Target samples with lower classification confidence

In this part, the classification confidence of target samples is smaller than that of others. In order to learn a robust domain adaptation model, we take other classes into consideration besides the pseudo labels. Their logistic loss function is described as function 7.

$$\begin{aligned} \begin{array}{l} {\ell _{TL}}(\mathbf{{W}}) = - \frac{1}{{2{N_{TL}}}}\sum \limits _{n = 1}^{{N_{TL}}} {\sum \limits _{k = 1}^K {\delta ({{\hat{y}}_{T,n}} = k)} }({\beta _1}\log p({y_{TL,n}} = {{\hat{y}}_{TL,n}}|{\mathbf{x }_{TL,n}},\mathbf{{W}}) \,+ \\ \frac{{{\beta _2}}}{{K - 1}}\sum \limits _{j \ne {{\hat{y}}_{TL,n}}}^K {\log p({y_{TL,n}} = {j}|{\mathbf{x }_{TL,n}},\mathbf{{W}})} ) \end{array} \end{aligned}$$

(7)

where ${{\beta _1} \ge {\beta _2}}$, $N_{TL}$ is the number of target samples with lower classification confidence.

The global objective function

Combining the objective functions mentioned above, we yield the global objective function for optimizing the parameters $\mathbf{W }$ which is described as function 8.
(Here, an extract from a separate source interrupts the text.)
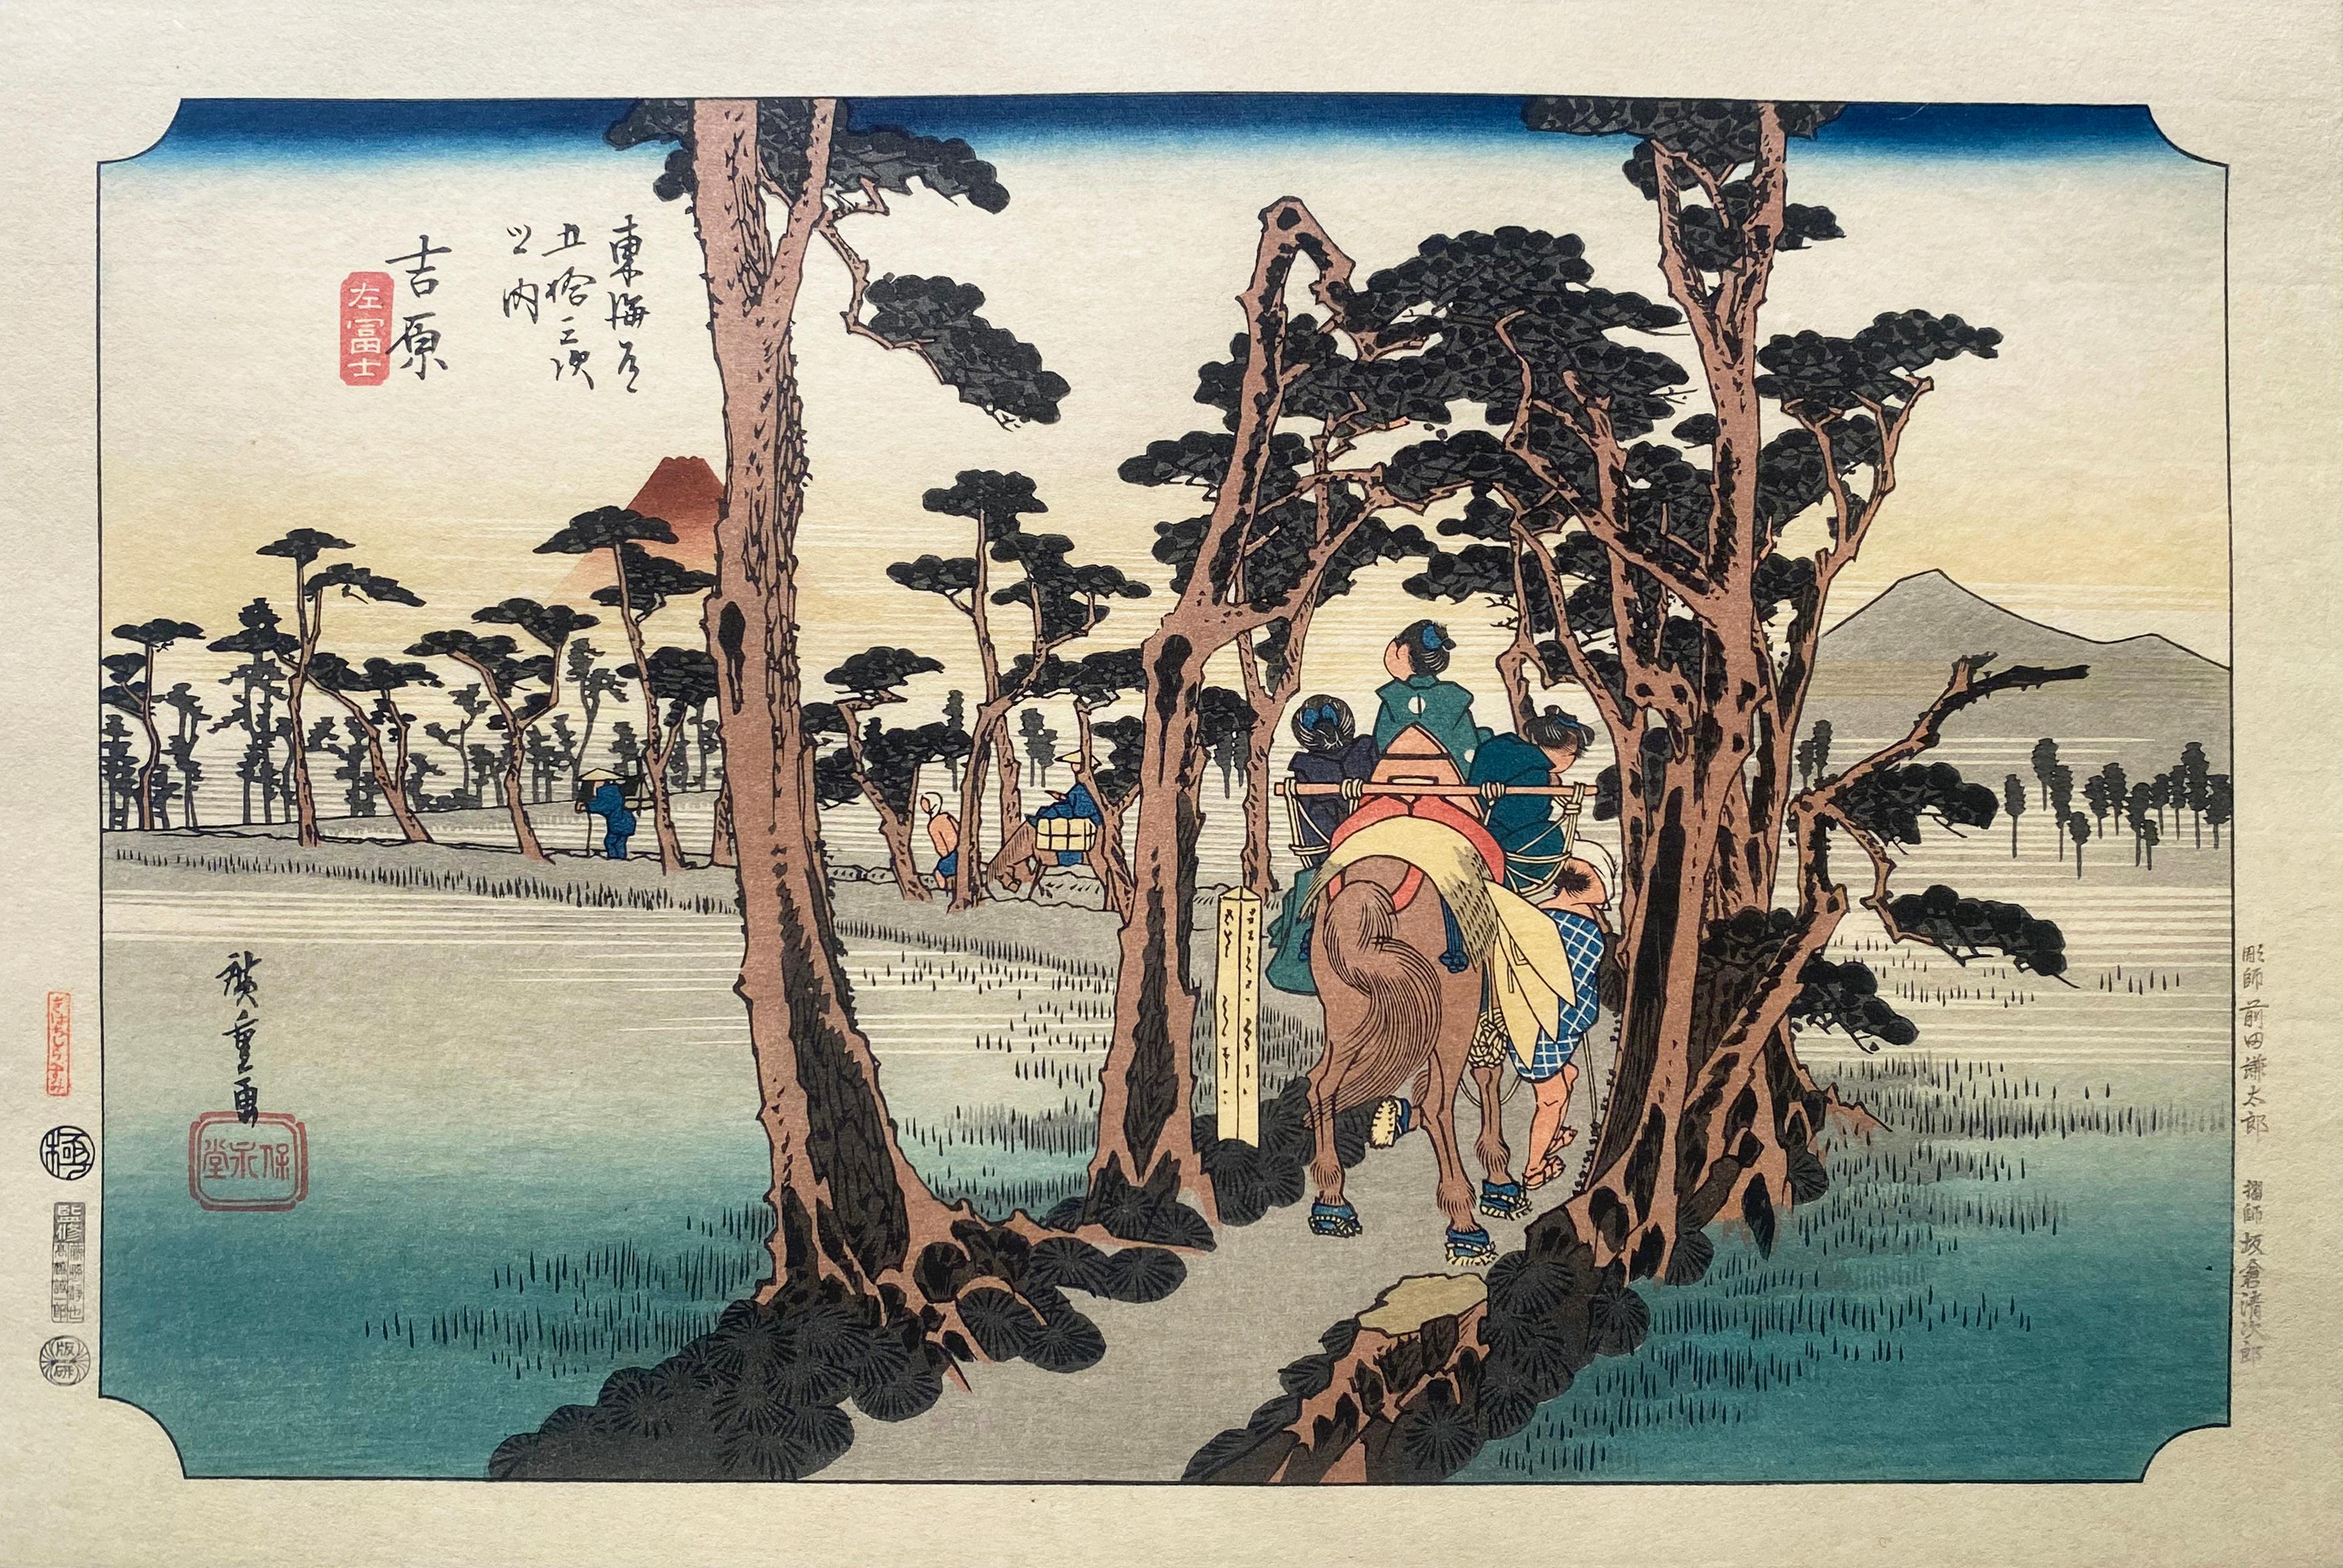 Utagawa Hiroshige (Ando Hiroshige) Landscape Print - 'View of Yoshiwara', After Utagawa Hiroshige 歌川廣重, Ukiyo-e Woodblock, Tokaido

$$\begin{aligned} \begin{array}{l} {L_\mathrm{{G}}}(\mathbf{W}) = {L_{S}}(\mathbf{{W}}) + \lambda ({\ell _{TH}}(\mathbf{{W}}) + {\ell _{TM}}(\mathbf{{W}}) + {\ell _{TL}}(\mathbf{{W}})) \end{array} \end{aligned}$$

(8)

where ${L_S}(\mathbf{W}\} $ is the objective function for labeled source data, which is the same as function 1. The goal is to minimize the objective function ${L_\mathrm{{G}}}(\mathbf{W})$ about parameters $\mathbf W $ of deep neural network. These parameters updated via SGD method in epoch p + 1 are described as follows:

$$\begin{aligned} {\mathbf{W }^{p + 1}} \leftarrow {\mathbf{W }^p} - \eta \frac{{d{L_\mathrm{{G}}}(\mathbf{{W}})}}{{d\mathbf Z }} \cdot \frac{{\partial \mathbf Z }}{{\partial \mathbf W }} \end{aligned}$$

(9)

where $\mathbf Z $ stands for the representation of target samples in the fc8 layer and $\eta $ is the learning rate.

3 Experiments

To analyze the effectiveness of the proposed RDLR, we did some experiments on unsupervised adaptation problems over the Office-31 dataset [20] and the Office-Caltech dataset [14], which are standard domain adaptation datasets. Then we compared them with other state-of-the-art domain adaptation methods and found that our method was more effective in unlabeled target domains.

3.1 Setup

The Office-31 dataset used in our experiments is composed of three distinct domains: Amazon (A), Webcam (W) and DSLR (D). The images of Amazon were collected from www.amazon.com, and the images of Webcam and DSLR were taken by web camera and digital SLR camera respectively. Every these domains has 31 categories of common objections, such as tables, bottles, mugs and bags, which are used in a typical office/house environment. There are a total of 4110 images with an average of 16 images per category for DSLR, 90 images per category for Amazon, and 26 images per category for Webcam. The Office-Caltech dataset consists of 10 overlapping categories which are selected from the Office-31 dataset [20] (Amazon, Webcam and DSLR) and Caltech-256 (C) dataset [21]. In the corresponding domains, they have 958, 295, 157 and 1123 image samples respectively, with a total of 2,533 images. As these images were acquired in unconstrained settings with inconsistent lighting and backgrounds, they highlight the challenges for object recognition task and domain adaptation. Some images chosen from the Office-Caltech dataset are shown in Fig. 2.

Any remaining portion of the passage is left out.